Calling a husband and wife "fellow-travelers on the road of life," Bean warns that "conjugal affection is a delicate plant. It can not thrive under indifference." He exhorts couples to preserve the love that made them decide to be "partners for life." He cautions against "frivolous disputes." And he urges them to treat in-laws and relatives kindly.

Bean also cites the advantages of order in a family, noting that it tends "to render everyone comfortable." He suggests setting "a fixed hour for rising, for devotions, and for meals."

So important is the subject of a "kind and amiable temper and deportment" that he devotes an entire chapter to it. Without a good temper, he writes, "you can neither enjoy a pleasing situation nor support an inconvenient one. Seek the improvement of your temper at any price."
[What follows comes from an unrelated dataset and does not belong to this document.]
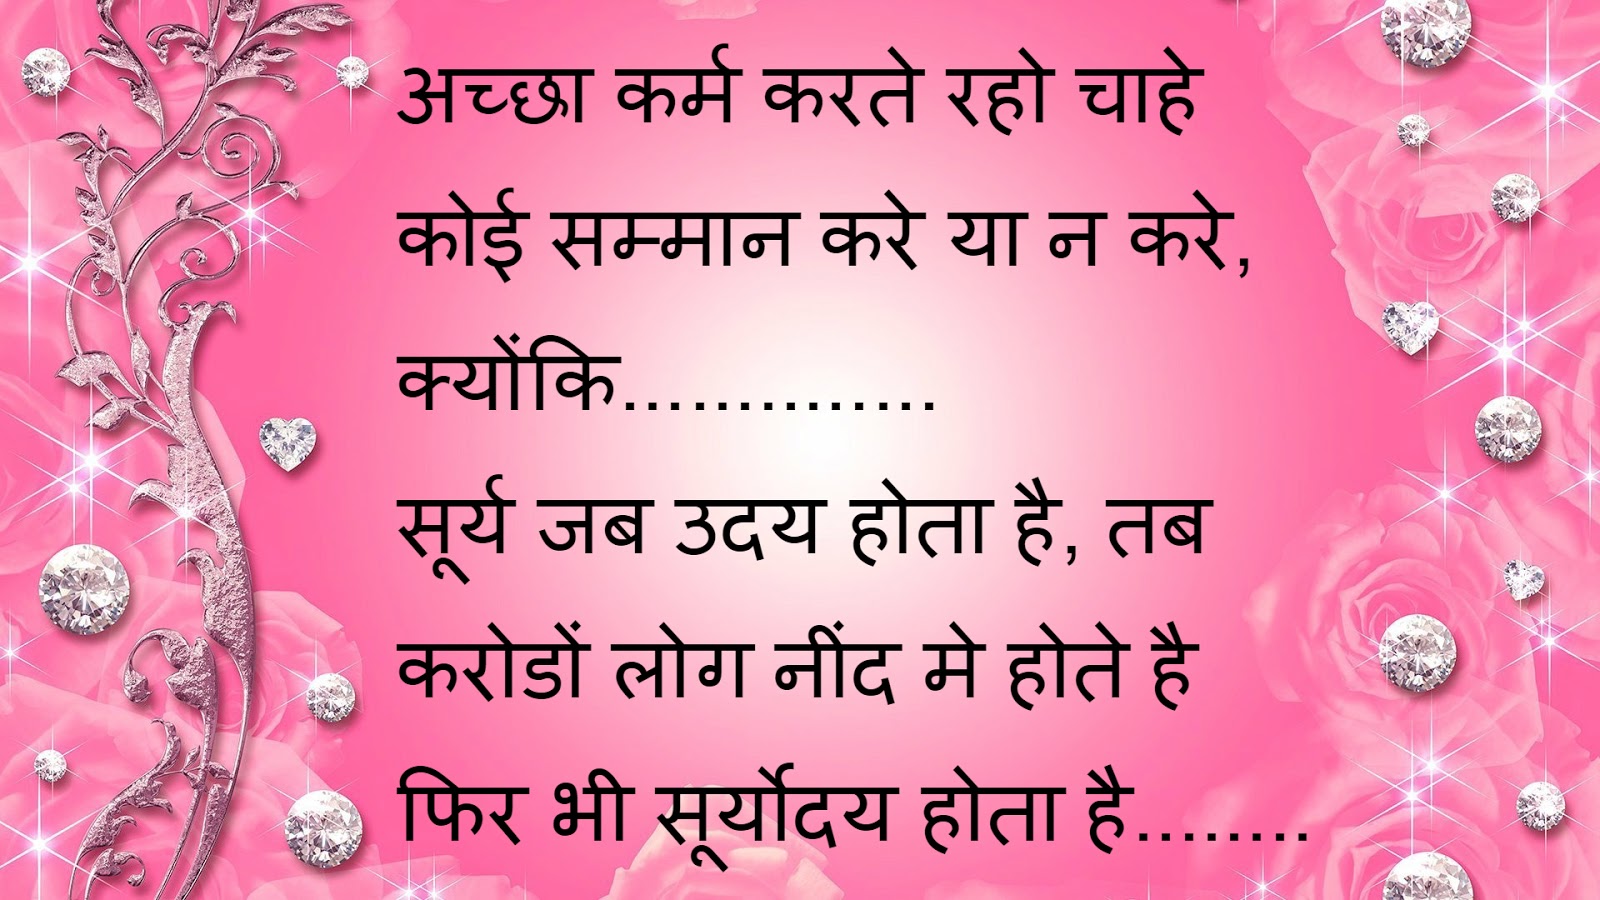 Hindi Shayari Image free whatsapp jokes images hindi love shayari messages Gujarati Romentic Shayari SMS New 2016 Shayari Love Wallpapers Here We

Above all, he stresses the value of religion in marriage. "There is nothing that has so frequently struck me as a cause of unhappiness to married people as the want of religion," he explains. "This defect ... produces most of the miseries of a state which was designed for the happiness of the sexes."

No one today knows whether the19th-century newlyweds, Maggie and Joseph, read Bean's book and forged a happy union. For 21st-century readers, surrounded by breezy self-help books on "relationships," his point of view may be too unbending. Still, in making a case for harmony, he offers a thoroughly modern definition of home.

"What will your house be without good nature?" Bean asks. Then he answers: "Not a home." Home, he explains, is "a place in which the mind can settle; where it is too much at ease to be inclined to rove; a refuge to which we flee in the expectation of finding those calm pleasures, those soothing kindnesses, which are the sweetness of life."

Then, switching to italics for emphasis, he adds, "Endeavor to make your house a home to each other."

What modern "expert" on marriage could improve on those 10 words as a recipe for conjugal happiness?